Post by FarmerDan » Tue Aug 23, 2016 3:24 pm

To get back to your original question: about half way through a long and rambling sex life (I'm something of a senior citizen around here) I worked out that it was better to be upfront about my AO needs as soon as the subject turned to sex.

After all it's just another part of who I am, no point having a relationship based on pretense. Let me underline that: a good relationship is one that lets you be yourself and explore yourself along with all the other ingredients.

I can recall only a couple of times where that was a deal breaker, and those were no great loss. The others accepted that with the sense of adventure that comes with most new relationships, and those that were anal virgins enjoyed the subsequent voyage of discovery.

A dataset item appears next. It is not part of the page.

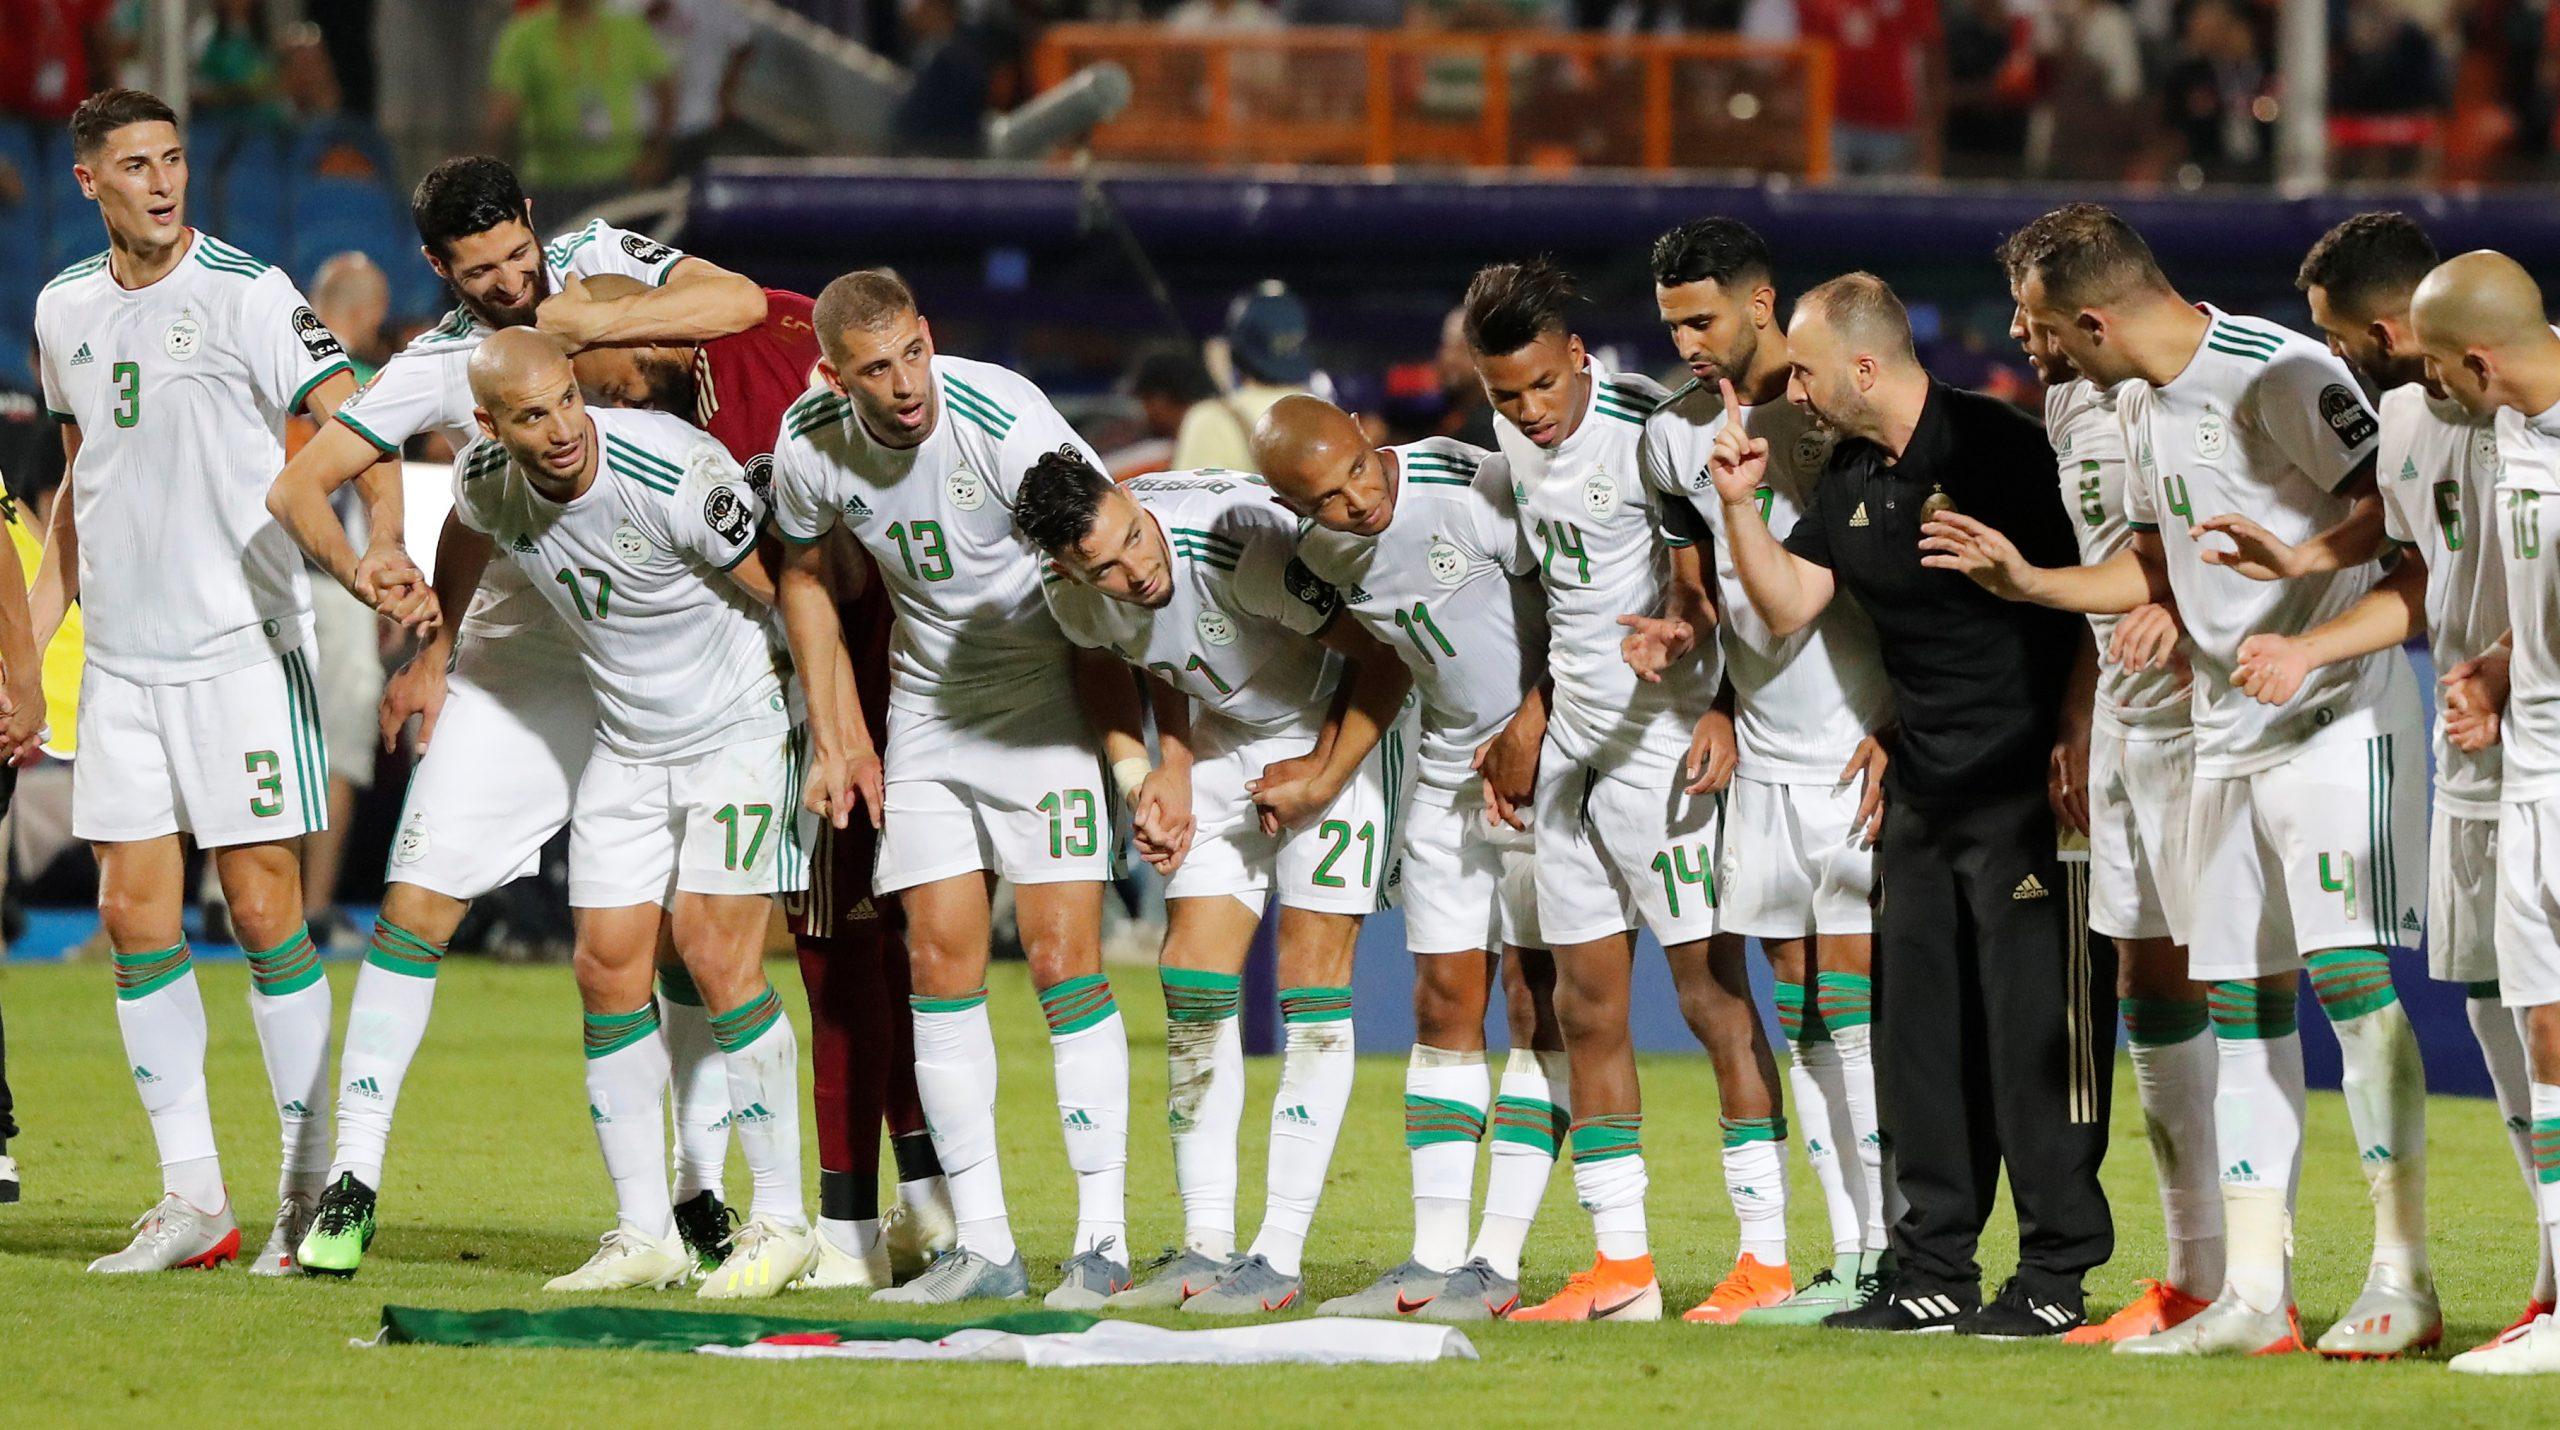 المنتخب الجزائري لكرة القدم يُواجه منتخبا عالميا من العيار الثقيل
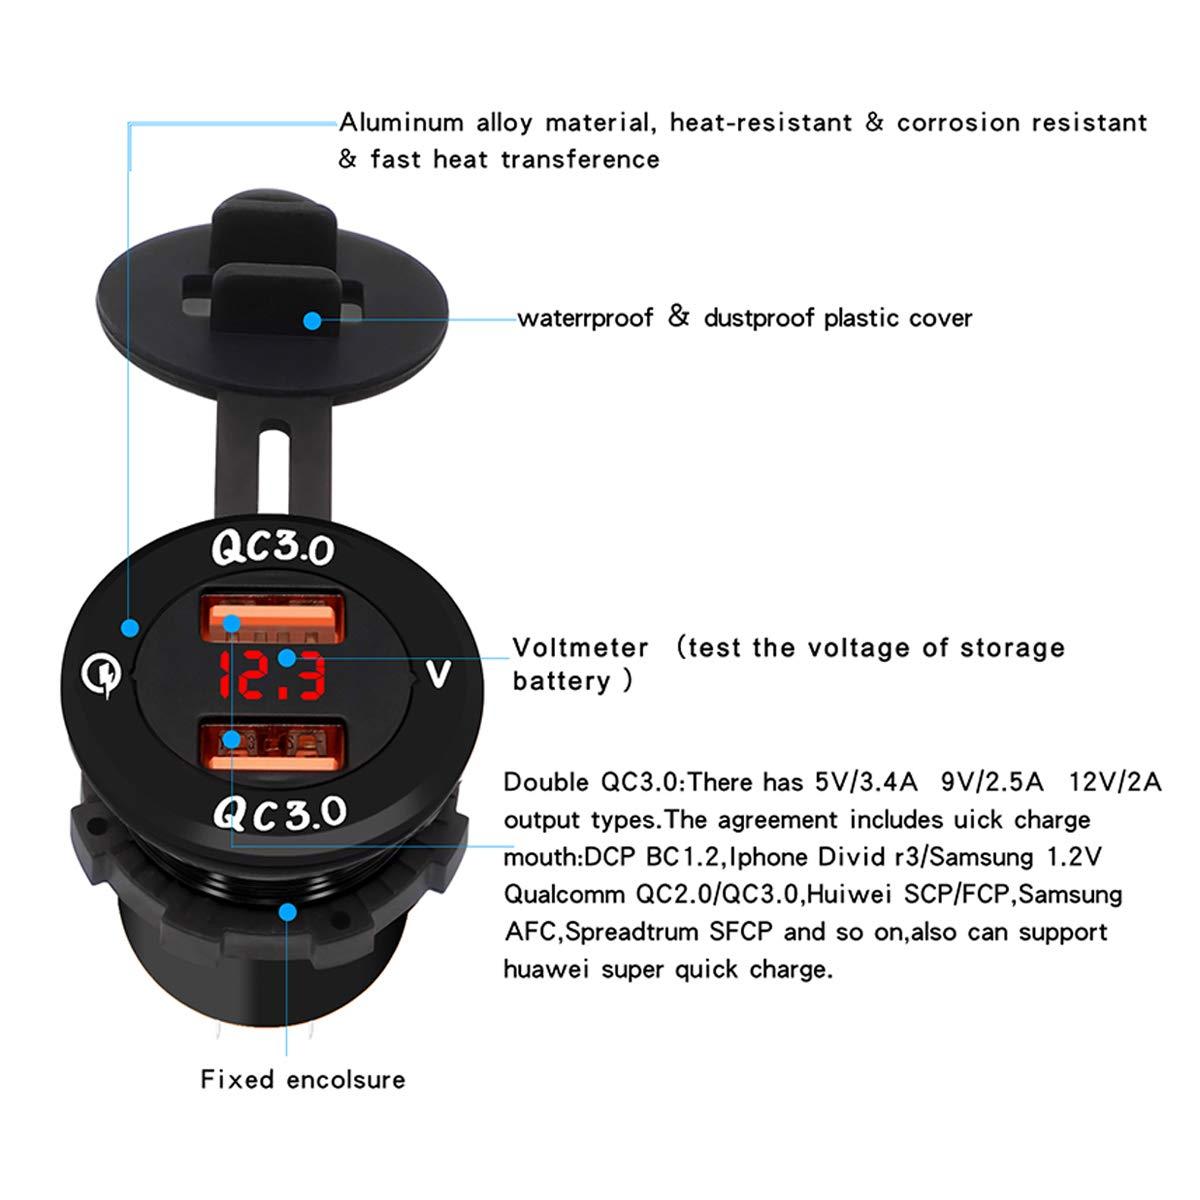 GOFORJUMP Chargeur Rapide de Voiture Coque Noire Lumi/ère Verte QC3.0 Dual 2 Port USB Prise de Chargeur de Voiture de Moto pour t/él/éphone Portable Double Chargeur USB Chargeur 2 Ports

Of course finding a partner can be a deeply frustrating business that tempts us to settle for second best. Trust me, if you stay true to yourself you'll find that person sooner not later. That means declaring AO up front along with your passion for eating chips in bed and other weirdness. If they run, you've just saved yourself a bunch of time and energy for the next prospect.
It's a lifestyle folks not a 2 minute sprint

analgirl98

Re: approaching anal only

Post by analgirl98 » Wed Aug 24, 2016 6:17 am

Thank you FarmerDan!!

I was thinking that was probably the best way to handle it but asking those that have been there is always the best option!!!